Discoveries demonstrated Mars' atmosphere experienced two noteworthy periods. It began off exceptionally cold, and after that warmed up to mild conditions. In the end, around 3.8 billion years prior, it went away as the planet lost its climate to space.

“We don’t understand rock chemistry quite as well as on Earth, so it’s difficult to ascribe a specific climate condition,” Hurowitz says. “If we were looking at the same rock chemistry on Earth, we would probably be comfortable saying some of the rocks were probably deposited in conditions consistent with a glaciated landscape, while some of the others might be more consistent with a temperate climate. We can say it’s colder and warmer, but exactly what the climate condition was is a little more difficult.”

While the group couldn't state precisely when these progressions occurred, it enabled them to limit the time span amid which the Gale crater would have had conditions that could host life. In the investigation, they thin this down to in the vicinity of 3.8 and 3.1 billion years prior.

“What the study establishes is that there were places on Mars in its ancient history that had all of the necessary components for life to take hold and survive in those environments,” he says. “Mars had all the necessary ingredients to provide an environment where life as we know it would be perfectly happy living in.”

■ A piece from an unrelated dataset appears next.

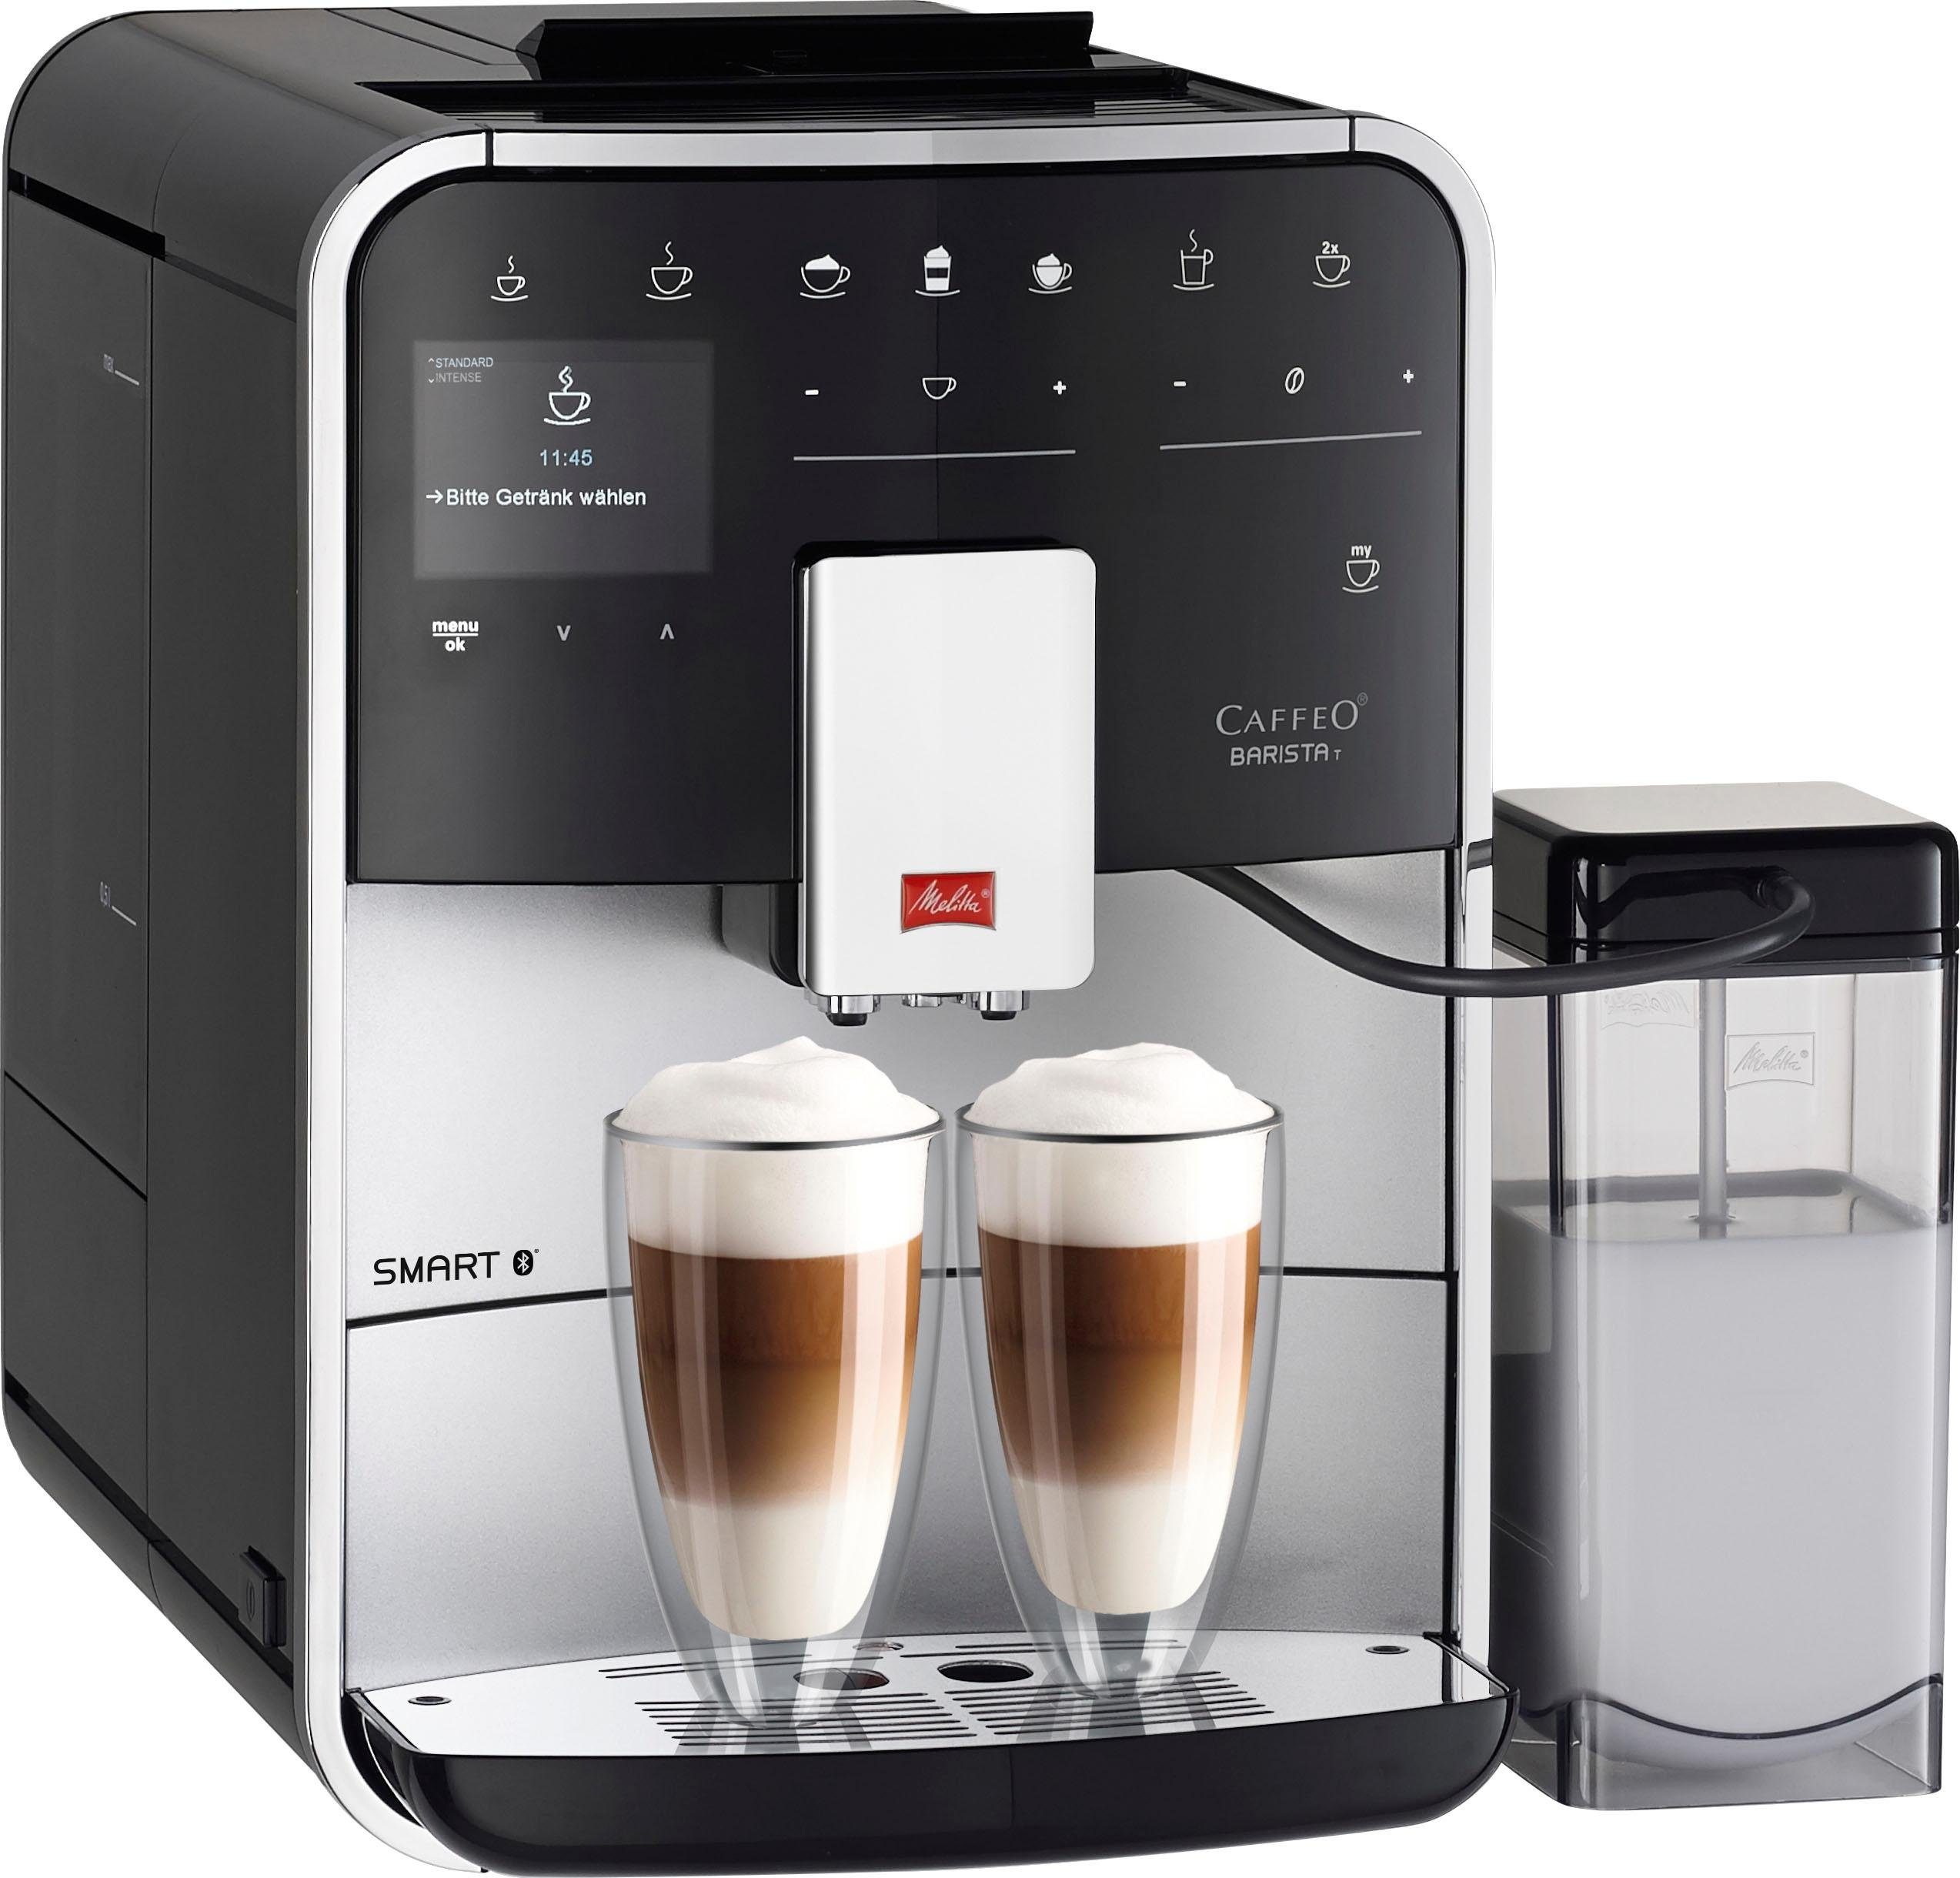 Melitta Kaffeevollautomat Barista T silber, F Smart® Benutzerprofile&18 4 Kaffeerezepte, italienischem nach 83/0-101

Having more proof to demonstrate Mars could have been habitable for a prolonged period in its history enables researchers to consider what kind of climate the planet probably had all together for a lake to exist in the Gale pit. "In my mind, that means a more earth-like climate than what we see on the surface of Mars today" Hurowitz says.

As Curiosity keeps on advancing up the Gale pit, researchers will get much greater chance to analyse its stones and show signs of improved comprehension of Mars' geological and climatic history.

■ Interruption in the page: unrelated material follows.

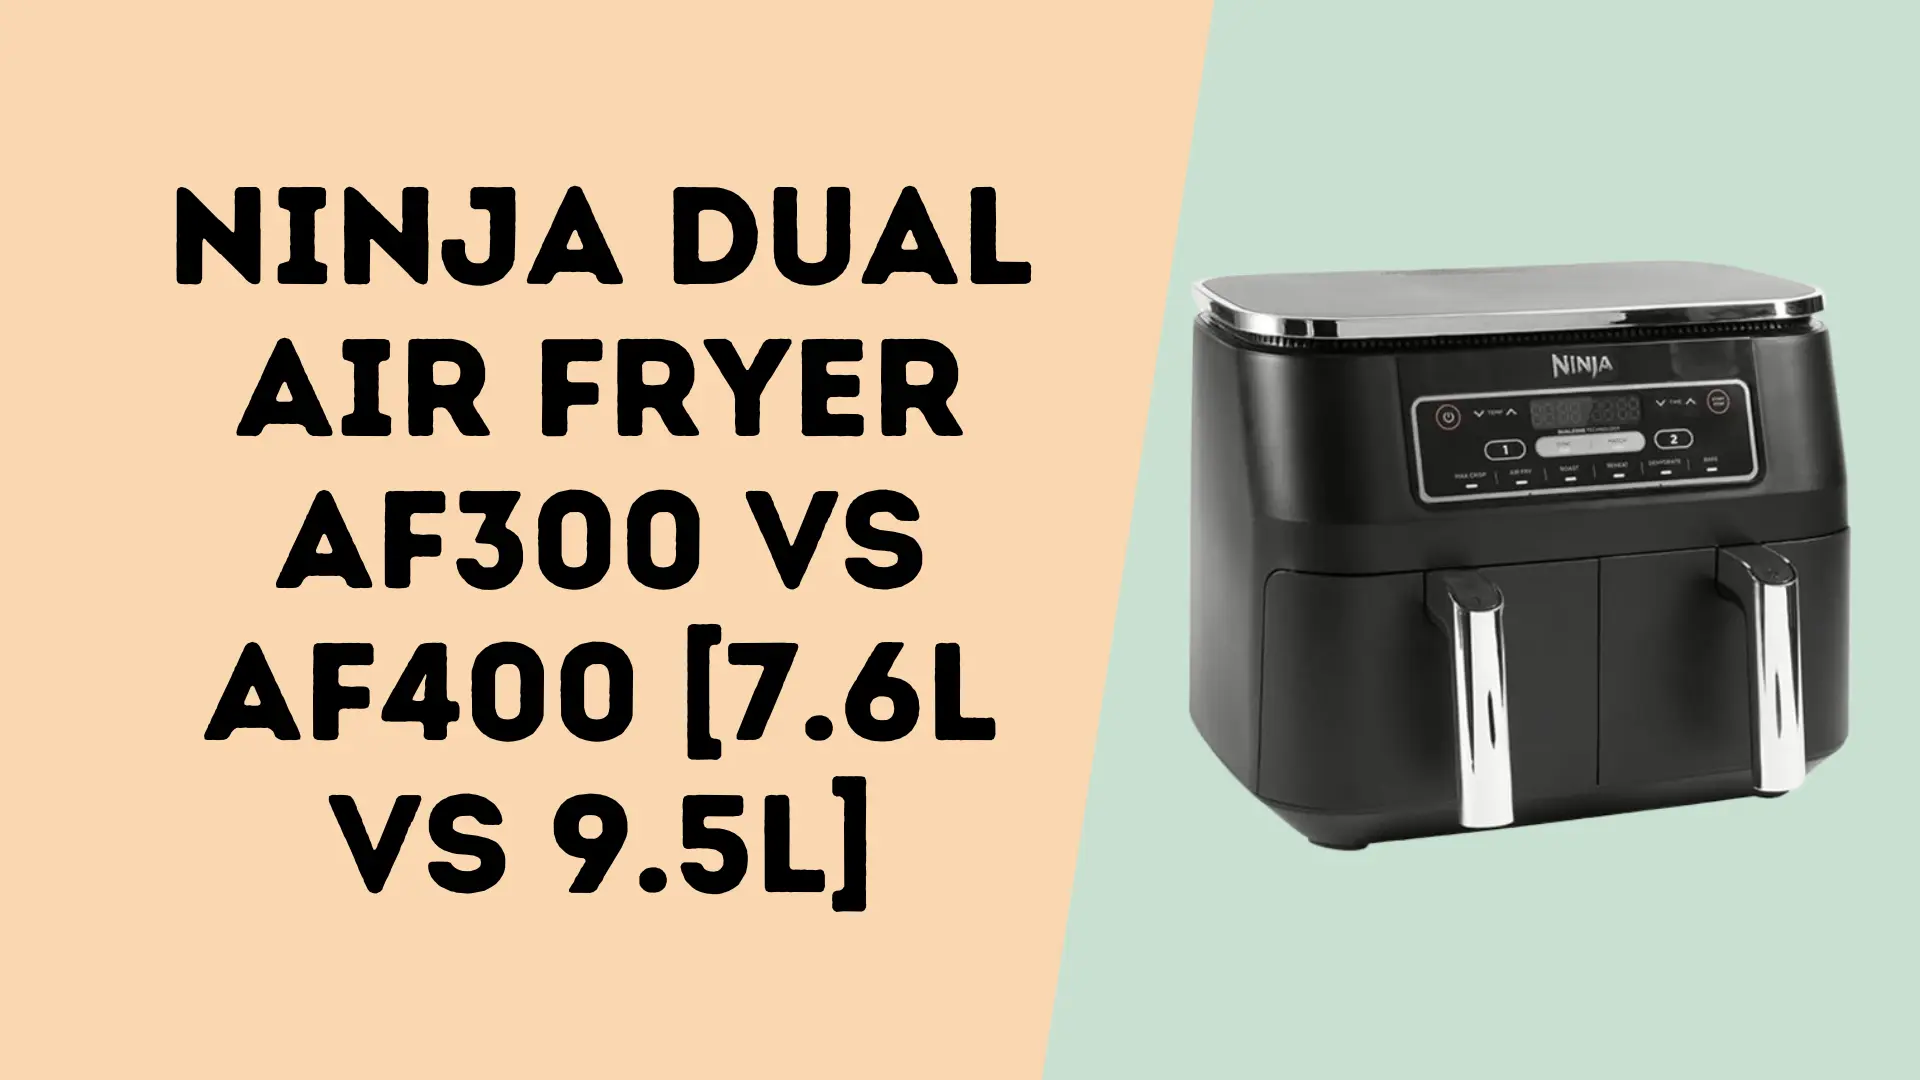 Ninja Dual Air Fryer AF300 Vs AF400 [7.6L Vs 9.5L]

“It’s’ a real opportunity to study the long-term climate history of another planet,” Hurowitz says. “It provides us with guideposts for the right types of environments to go looking for bio signatures on the surface of Mars when we land there with future missions. We’re learning a lot about the nature of ancient environments on Mars—and where the right places might be to look at in more detail in the search for evidence of life on Mars."

Remarking on the examination Andrew Coates, Professor of Physics and Deputy Director (Solar System) at UCL's Mullard Space Science Laboratory, U.K., stated: "This is an interesting and exciting set of results from the Curiosity rover, which challenges our understanding of Mars climate history. It's claimed that the results provide good evidence for a transition from cooler, drier to warmer, wetter climate conditions between 3.8-3.1 billion years ago."

“But much of the previous evidence, and results from more global missions, such as Mars Express and Mars Atmosphere and Volatile Evolution Mission (MAVEN), indicate the opposite—warm, wet to cooler, drier in the same period.” He says Mars lost its magnetic field in the vicinity of 4 and 3.8 billion years prior and this made the planet lose its atmosphere and a portion of its water. “The intriguing evidence here is from analysis of changes over time in mudstones left by an ancient lake in Gale Crater on Mars between 3.8 and 3.1 billion years ago, during which time parts of the lake were shown to be potentially habitable,” he says.

“The lake, at much lower altitude than its surroundings, was fed by streams from a wide area. The results are from studying sediment depositions from locations differing by 100 meters in altitude. The climate conditions in Gale crater must have been warm enough to sustain a lake there, and potentially the results are related to a wider area which may help explain the differences. Also parts of the deposition history are indeed consistent with warm, wet to cold, dry global climate.

“Overall the paper shows the power of measurements from a rover in a particular location on Mars, Gale crater, but reminds us that we also need the global context to make sense of the measurements. We look forward to further exciting times in 2020, with the launch of the ExoMars 2020 rover, which will search directly for signs of past life underneath the Martian surface for the first time.”